Le feu au lac ?

Le feu au lac ?

Bon, autant l’avouer tout de suite : quand il faut payer ses impôts, c’est toujours un moment pénible. Ce n’est pas que l’on soit exagérément pingre, ni mauvais citoyen, ni tireur dans les coins. Mais enfin, quand on gagne honorablement sa vie, la note est vite salée. Même si le bouclier garantit de conserver la moitié de ce qui reste… après paiement des charges sociales sur ses revenus, de la TVA sur ses achats et de la TIPP sur le carburant – entre autres soustractions. Puisque la dépense publique lessive pas loin de 60% de la richesse produite par le pays, il faut bien trouver l’argent quelque part. Voilà pourquoi le contribuable français est devenu expert en déductions, réductions d’impôt et niches fiscales, dont la liste est aussi variée que feu le catalogue de Manufrance. Et si le pékin se perd dans la jungle du Code général des impôts, les professionnels de la discipline sont là pour le guider.

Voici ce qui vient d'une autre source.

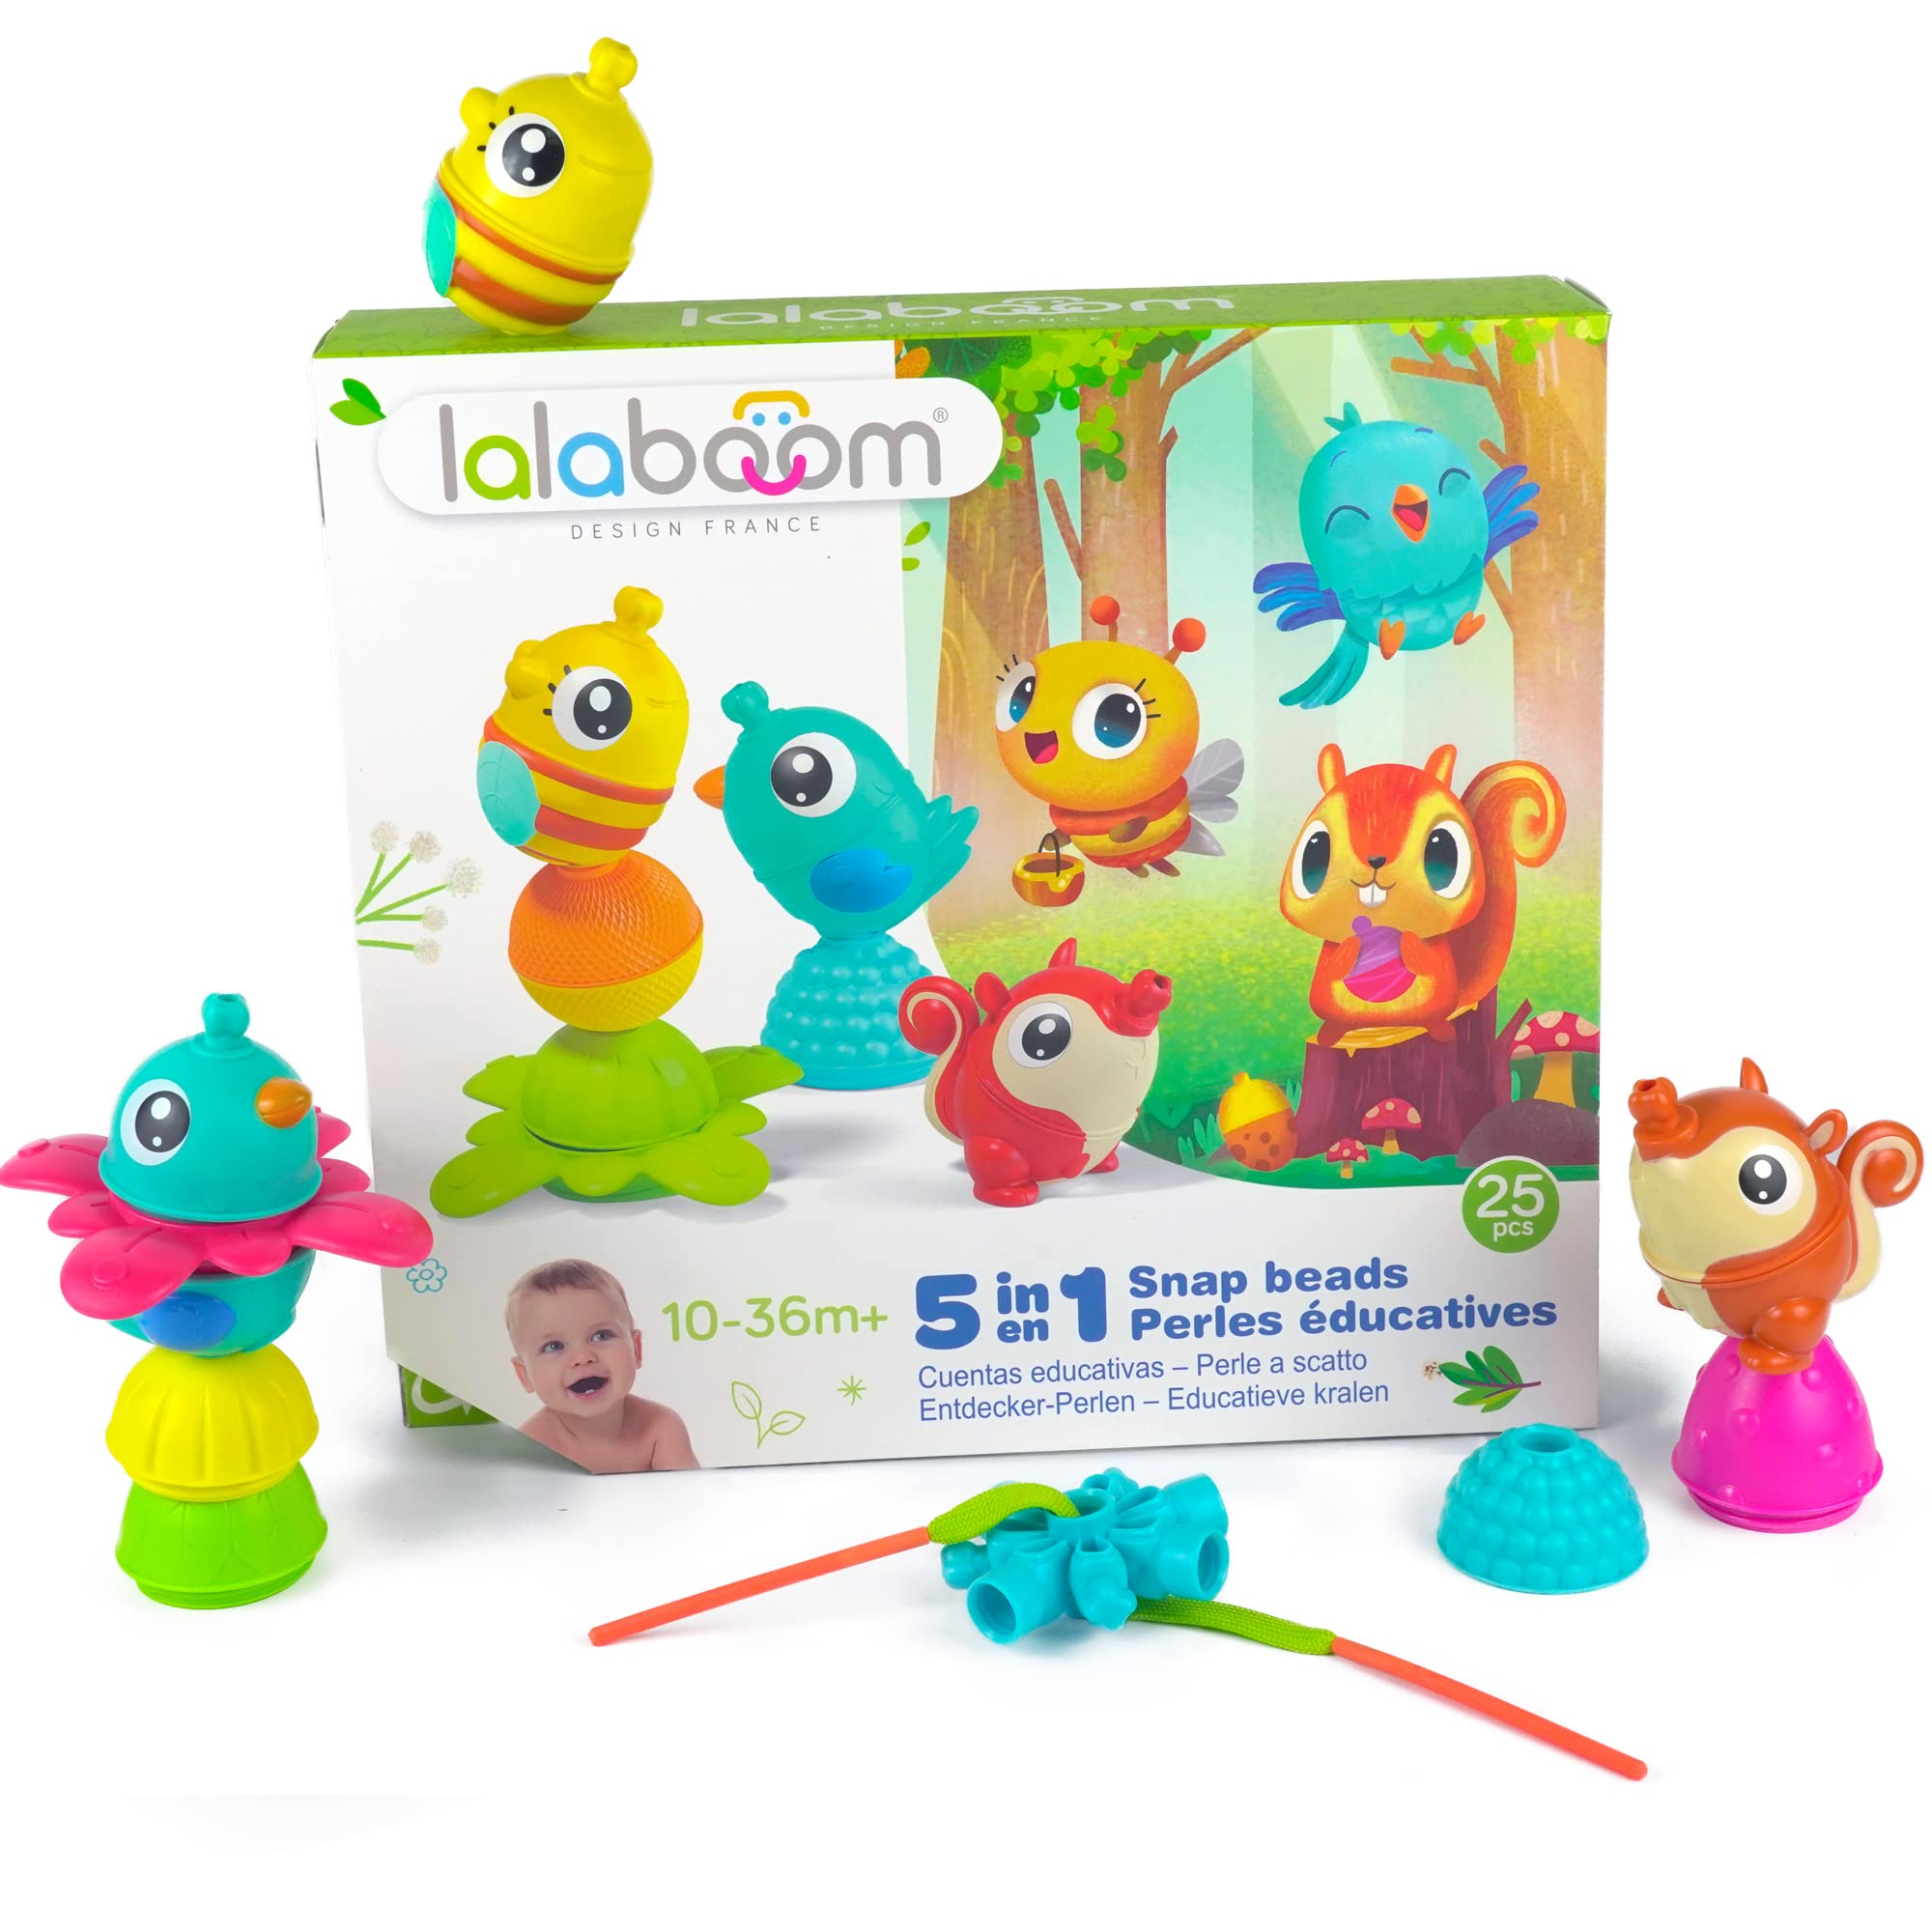 Lalaboom – Chunky Animals & Beads Gift Set - Preschool Educational Beads - Montessori Shapes and Colors Construction Game and Learning Toy - from 10 Months to 4 Years Old - 25 Pieces, BL320

Sans pour autant revendiquer une place sur le podium des fortunes françaises, quiconque dispose d’un peu de galette se préoccupe légitimement de l’exposer le moins possible à l’érosion fiscale. Laquelle est sujette à des changements climatiques ravageurs (comme on le verra sans doute bientôt). Pour un conseiller financier, ce serait donc une faute professionnelle de ne pas recommander aux détenteurs d’un patrimoine significatif de conserver “une poire pour la soif” à l’abri de la concupiscence étatique. Mais évidemment, planquer ses sous derrière un secret bancaire étranger, c’est illégal. Une personnalité publique ne peut donc être suspecte d’avoir cautionné de telles pratiques, même par distraction, même par simple inertie, même au nom d’hypothétiques intérêts supérieurs de la Nation. Car il en résulterait des interrogations collatérales bien plus dérangeantes. Voilà pourquoi la tribune intitulée « Halte au feu ! », publiée dans Le Monde et cosignée par Mme Veil et Mr Rocard, devrait avoir pour effet d’ajouter de l’huile sur le brasier de l’affaire Bettencourt plutôt que d’apaiser l’exaspération. Car elle semble refléter l’union sacrée du microcosme politique autour de son nombril, par la voix de deux retraités des combats partisans, à ce titre drapés d’une aura de respectabilité. Leur plaidoyer sentencieux pour la « dignité » prétend étouffer les questions impertinentes sur la probité des politiciens. C’est assez ambitieux, pour ne pas dire plus sans se montrer désobligeant. Car le devoir de « tolérance », invoqué au nom des principes démocratiques, s’applique au respect des opinions ; il ne vaut pas indulgence vaticane pour des agissements hérétiques – si ces derniers étaient avérés, bien entendu. Comme sapeurs-pompiers de la réputation, nos deux anciens ministres ne sont pas vraiment convaincants.

La recette du jour

Suprême de réputation

Pour ne pas être critiquable, soyez irréprochable. Pour ne pas être critiqué, faites n’importe quel métier. Sauf la restauration. Si vous avez quand même choisi cette voie et que vos concurrents vous cherchent des poux dans la toque, demandez à Escoffier et Brillat-Savarin de publier une tribune dans Le Monde. Qui appelle à la tolérance pour la sauvegarde de la démocratie gastronomique. Cela n’améliorera pas votre réputation, mais celle de vos adversaires en prendra un sacré coup.